I try to stay on the old S373 but only a few kilometers past the town, it crosses a bridge and devolves into a dirt track. On a day where I was less achy and tired and where I had less of a specific goal of an actually booked hotel to reach, it might be worth trying to follow as much of the old road as possible. Today, however, is not that day. (Further up the road, I will come to multiple places where the old and new roads intersect by virtue of the old road simply stopping and restarting again on the other side.)
With nothing much to see from the fast road, I make exceptionally good time heading in to Zhanjiang. A few times, I get sufficiently in the zone that my natural endorphins start to kick in and I have to slow myself down again and let myself feel pain because I've never actually checked to see how impaired my reflexes are when I'm taking medications that specifically warn that they aren't to be used when operating heavy machinery.
At my destination, the doorman makes the slightest attempt to indicate that maybe my reeking self, my farmer hat, and my bicycle don't belong in the lobby of a five star hotel but I deftly avoid him while firmly stating in a very authoritative tone of voice "I'm staying here tonight".

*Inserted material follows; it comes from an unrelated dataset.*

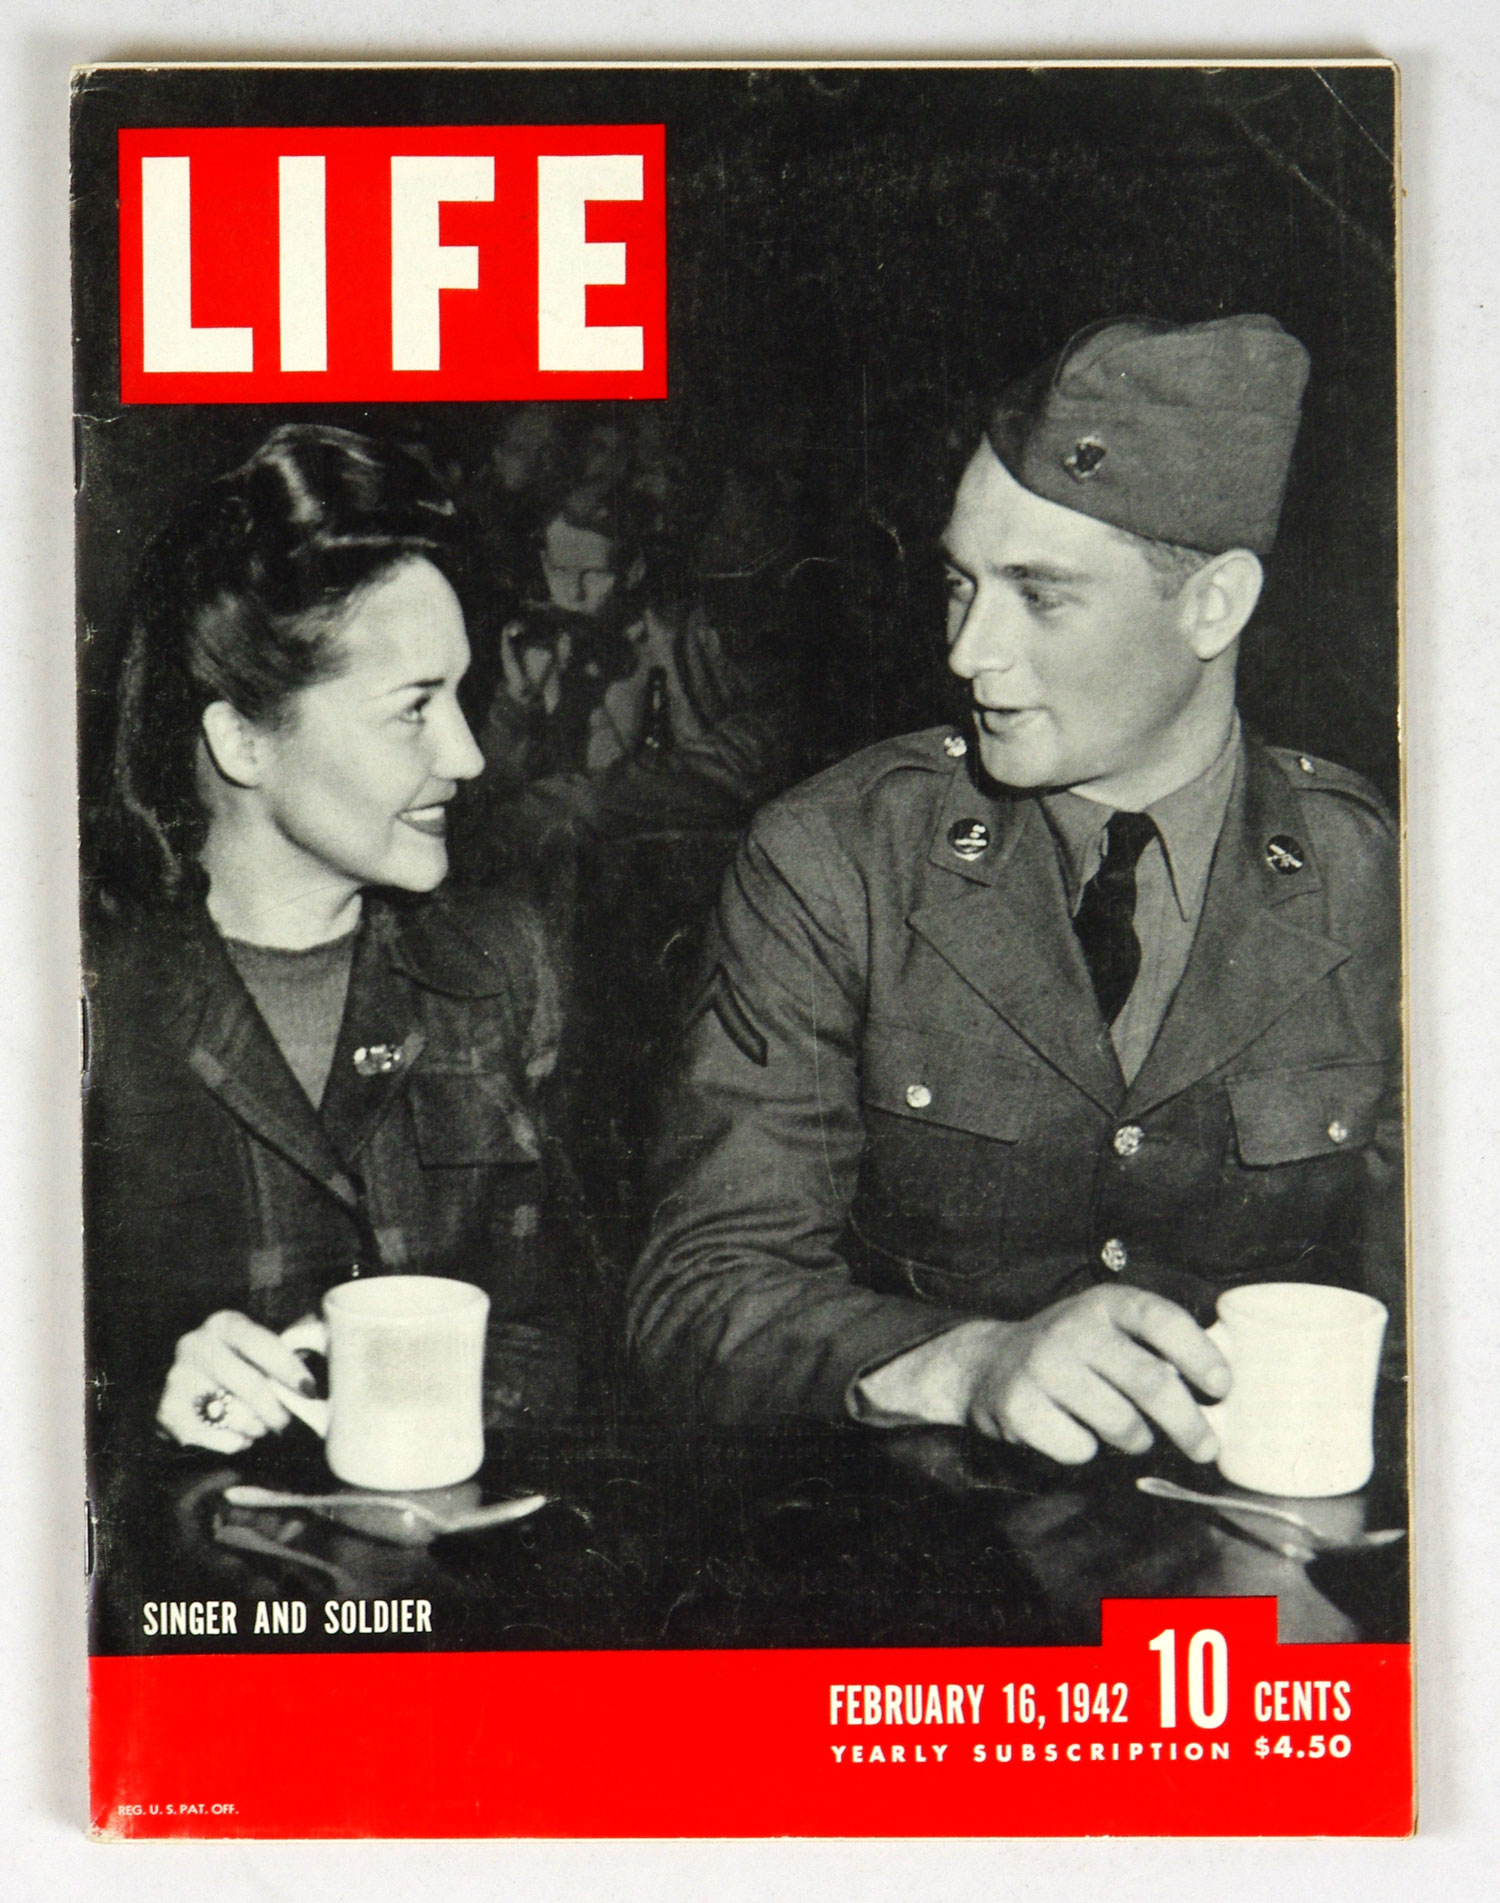 LIFE Magazine Back Issue 1942 February 16 Singer and Soldier
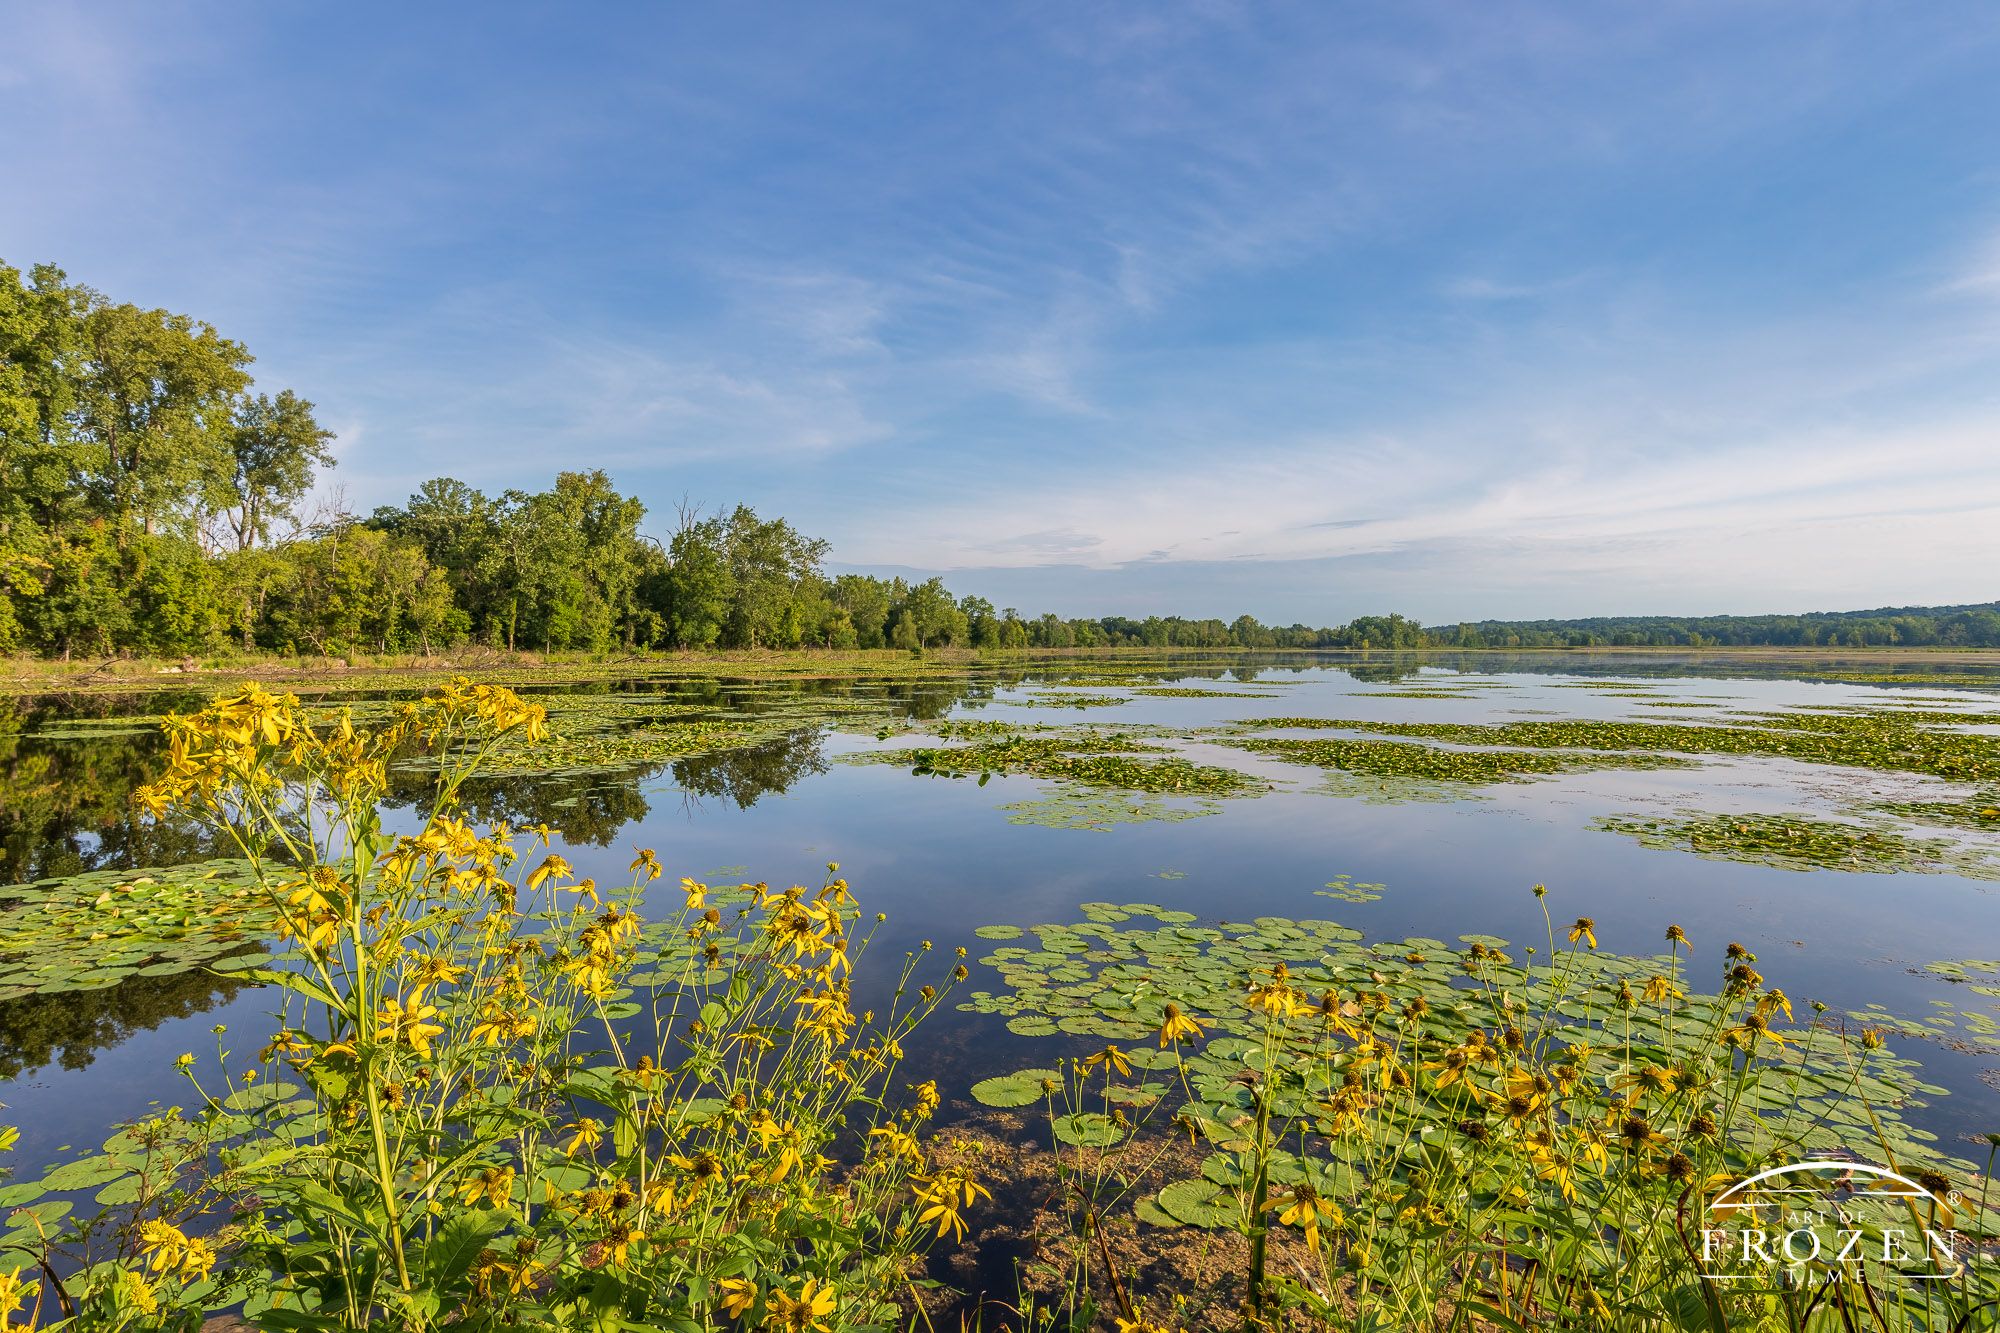 A morning image of an Ohio marsh were the still surface waters form a perfect reflection of the blue sky and surround green vegetation

Other than the Covid paperwork and the inability to get the Guangdong version of the Health Code app to run on my phone, check in is reasonably smooth and hassle free. Being as my room costs over USD 100 per night, check in better be smooth and hassle free. I'm thinking that I'll use the in-room kettle to make myself some oatmeal for dinner but, instead, eat the fruit from the Welcome Basket, lie on the bed, and pass out.